Le marché de l’emploi des cadres et jeunes diplômés

prévisions de  recrutement 2011 pour les cadres.

L'année dernière a été marquée, selon l'Apec, par une forte reprise des recrutements. Une nouvelle progression est attendue en 2011 dans tous les secteurs, dont seuls les jeunes diplômés profiteront peu.

Dans un marché de l'emploi qui globalement demeure déprimé, celui des cadres fait désormais figure d'exception. Après une année 2009 désastreuse, la tendance s'est brutalement inversée en 2010. «Avec 164.600 recrutements, soit une hausse de 15%, l'année a été bien meilleure que prévu», a annoncé, hier, Jacky Chatelain, directeur général de l'Association pour l'emploi des cadres (Apec).

Selon lui, ce résultat inattendu, qui a entraîné 16.400 créations nettes d'emplois (500 seulement en 2009), s'explique en grande partie par la prudence dont les entreprises avaient fait preuve dans leurs prévisions d'embauches, fin 2009, en raison du contexte économique.

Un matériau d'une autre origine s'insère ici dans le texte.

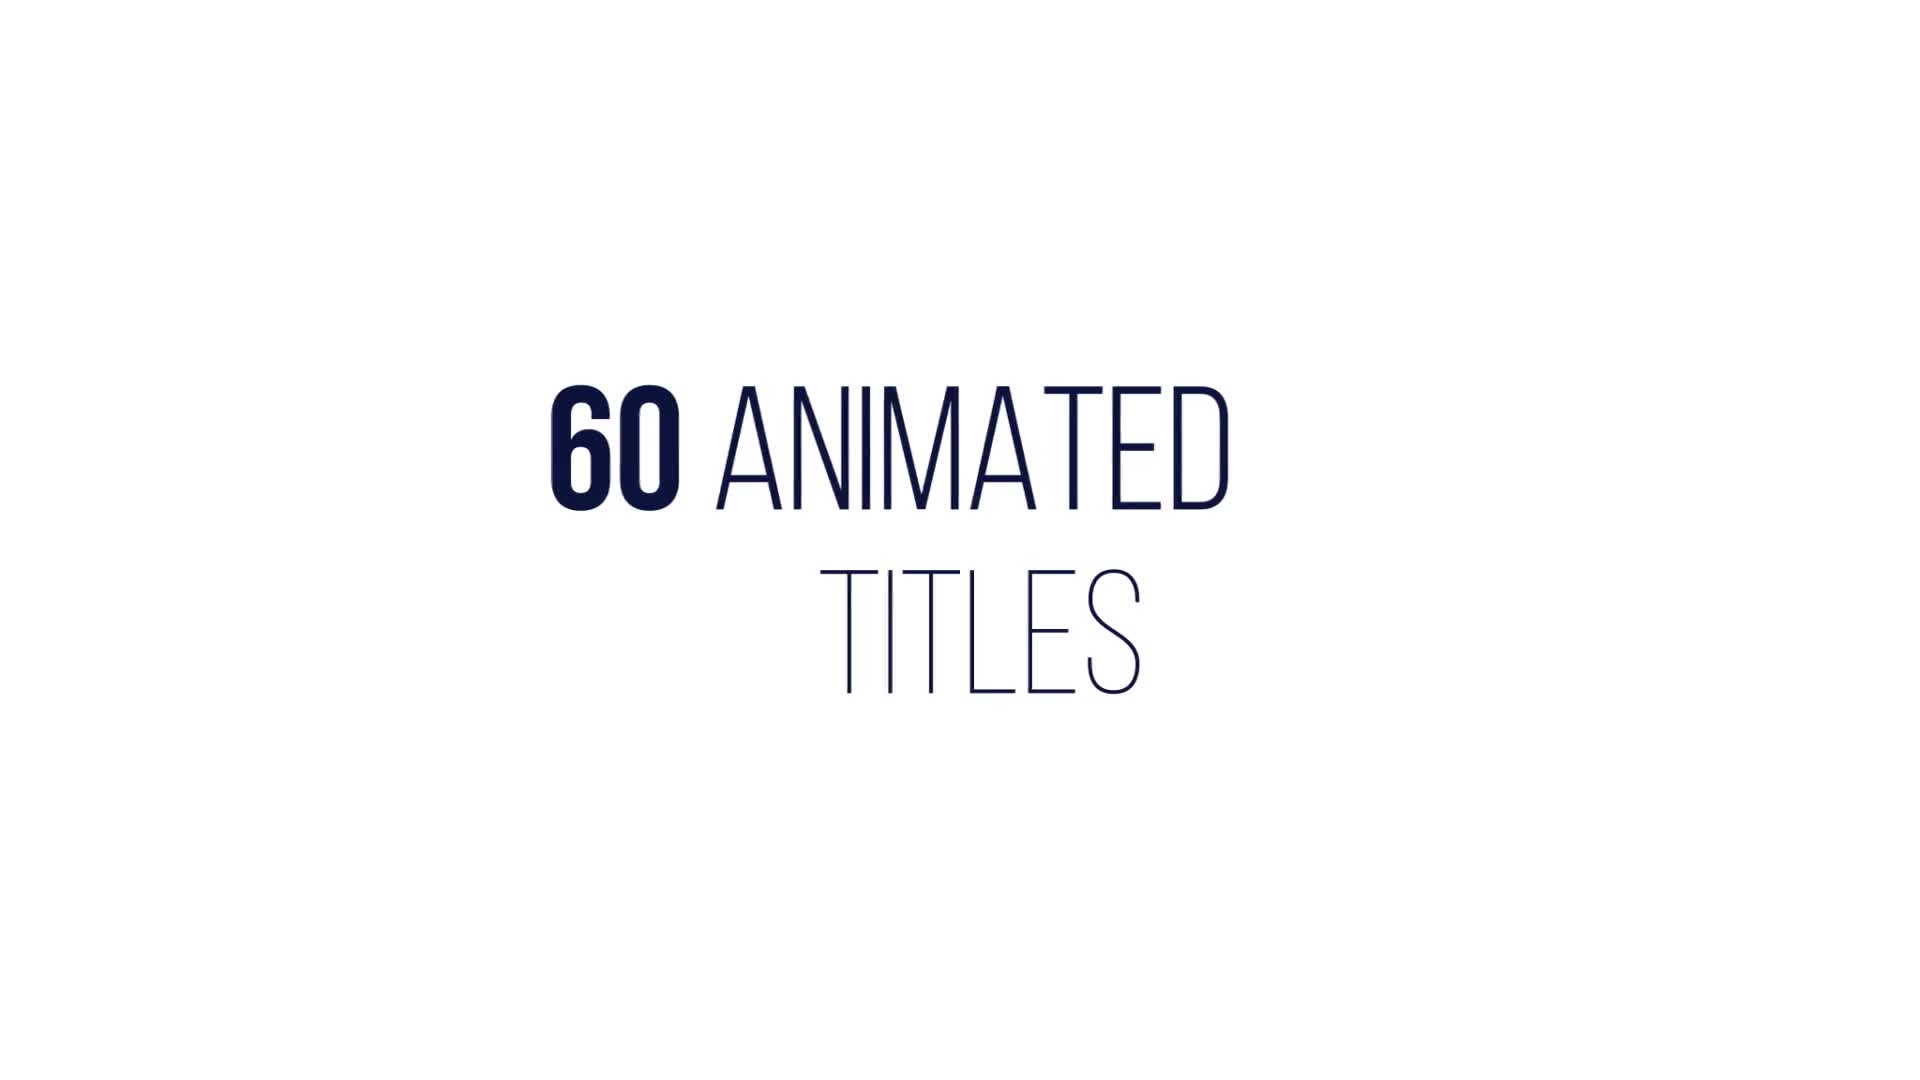 60 Animated Titles - Download Videohive 11847376

Cette reprise devrait se poursuivre. Selon l'enquête annuelle de l'Apec, les embauches de cols blancs en 2011 oscilleraient entre 169.000 (+3%) et 181.000 (+10%). «La fourchette haute est la plus probable, car il existe une forte corrélation entre l'emploi des cadres et les investissements des entreprises, souligne Jacky Chatelain. À cet égard, les pôles de compétitivité, le crédit impôt-recherche et la régénération du tissu économique dans les hautes technologies ont un effet positif.» Fait notable: alors que depuis le début de la crise les intentions d'embauche des entreprises portaient surtout sur le remplacement de départs, deux sur trois au premier trimestre 2011 concernent des créations de postes. À l'exception de la construction, tous les secteurs connaîtraient cette année une hausse des recrutements, en particulier l'industrie et les services.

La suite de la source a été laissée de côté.